The University of Tennessee, Knoxville uses the Carnegie Foundation’s definition of community engagement:

Community Engagement describes the collaboration between higher education institutions and their larger communities (local, regional/state, national, global) for the mutually beneficial exchange of knowledge and resources in a context of partnership and reciprocity.
– Carnegie Foundation for the Advancement of Teaching

Brown University provides a succient definition for Engaged Scholarhip

Engaged scholarship is the co-creation of knowledge that shifts the position of students and community groups from knowledge consumers to knowledge producers and partners in problem-solving. Engaged scholarship is the generation of new knowledge through the combining of academic knowledge and community-based knowledge, eliminating a hierarchy of knowledge and a one-way flow of knowledge outward from the college or university.

-Brown University

Studies have found that building a more contemporary “engaged campus” requires an intentional plan that moves the institution from a one-way “outreach” delivery framework (e.g., the university shares its expertise with the community to serve the needs of the public) to an “engagement” or two-way partnership framework (e.g., the university and community co-construct and co-produce solutions to societal issues) (Holland, 2001).

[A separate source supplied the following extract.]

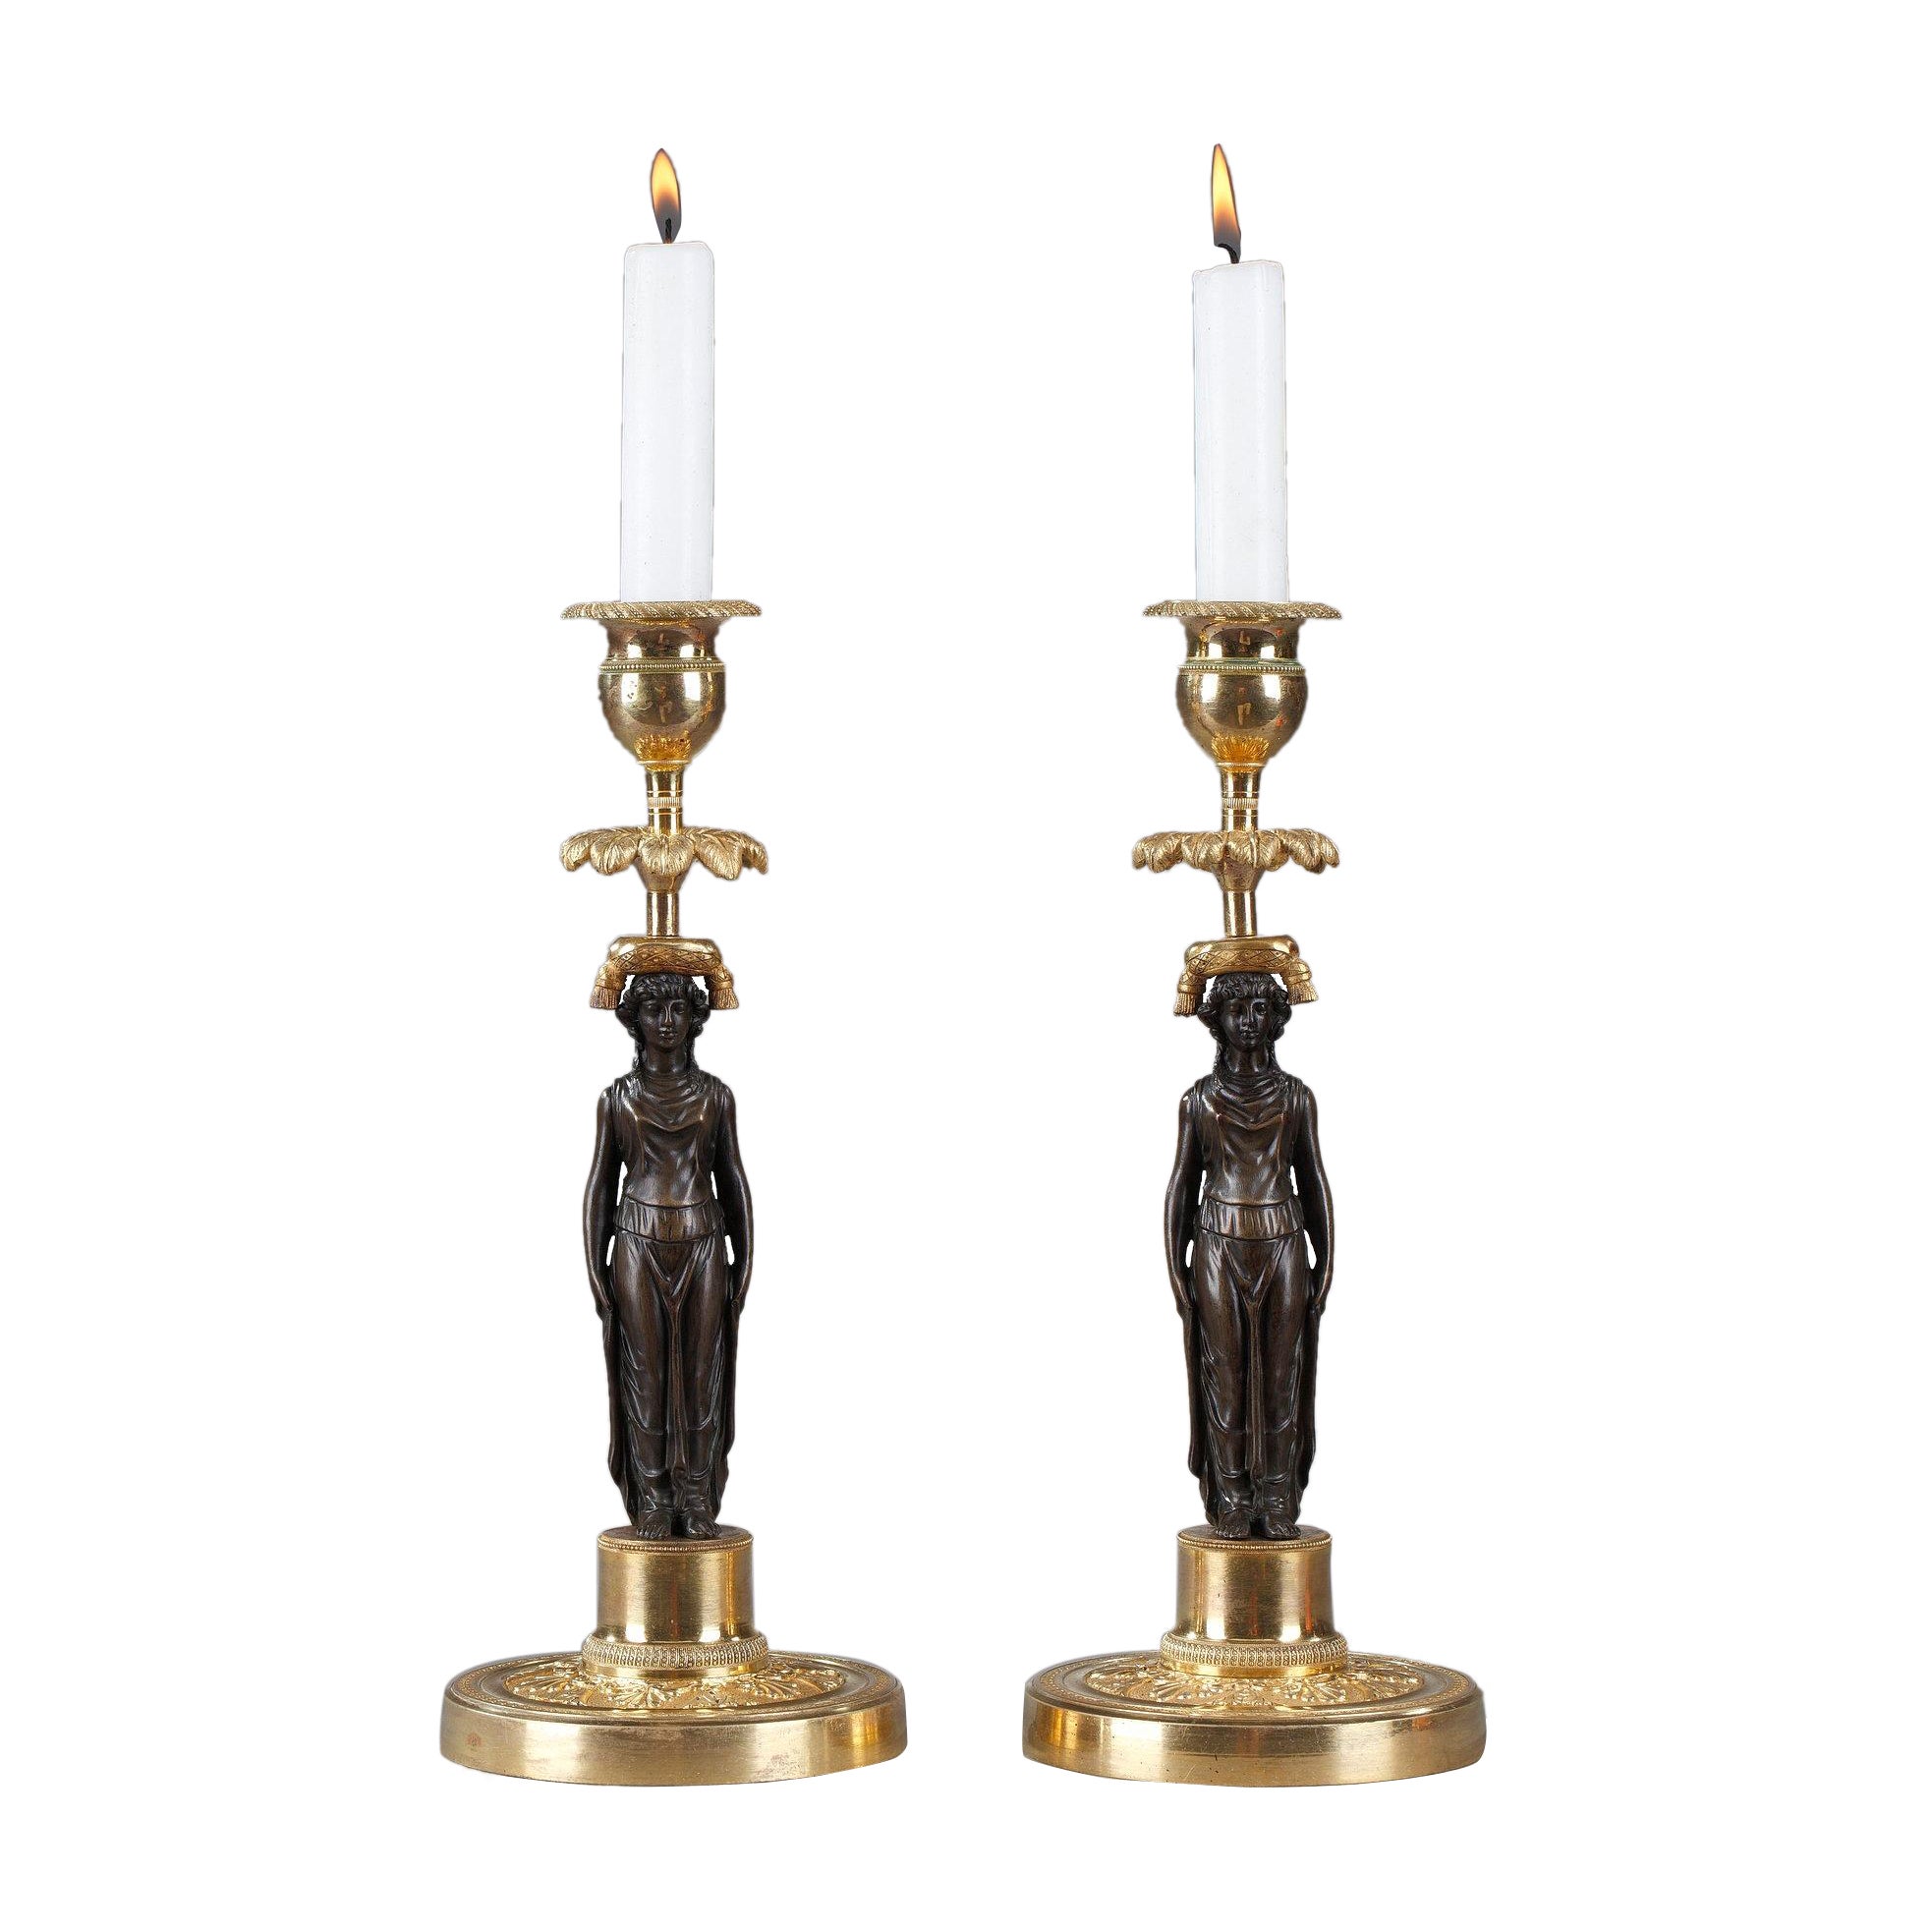 Pair of Candlesticks in Patinated and Gilded Bronze

Research also shows an association between community engagement and
  • higher retention rates (faculty and students)
  • increased public appropriations
  • increased capacity in a university’s research and teaching functions
  • increased campus diversity in many dimensions (Weerts & Sandmann, 2008).

Today’s engagement is scholarly, is an aspect of learning and discovery, and enhances society and higher education. Undergirding today’s approach to community engagement is the understanding that not all knowledge and expertise resides in the academy, and that both expertise and great learning opportunities in teaching and scholarship also reside in non-academic settings. By recommitting to their societal contract, public and land-grant universities can fulfill their promise as institutions that produce knowledge that benefits society and prepares students for productive citizenship in a democratic society. This new engagement also posits a new framework for scholarship that moves away from emphasizing products to emphasizing impact.  (Fitzgerald, Bruns, Sonka, Furco, and Swanson, 2012).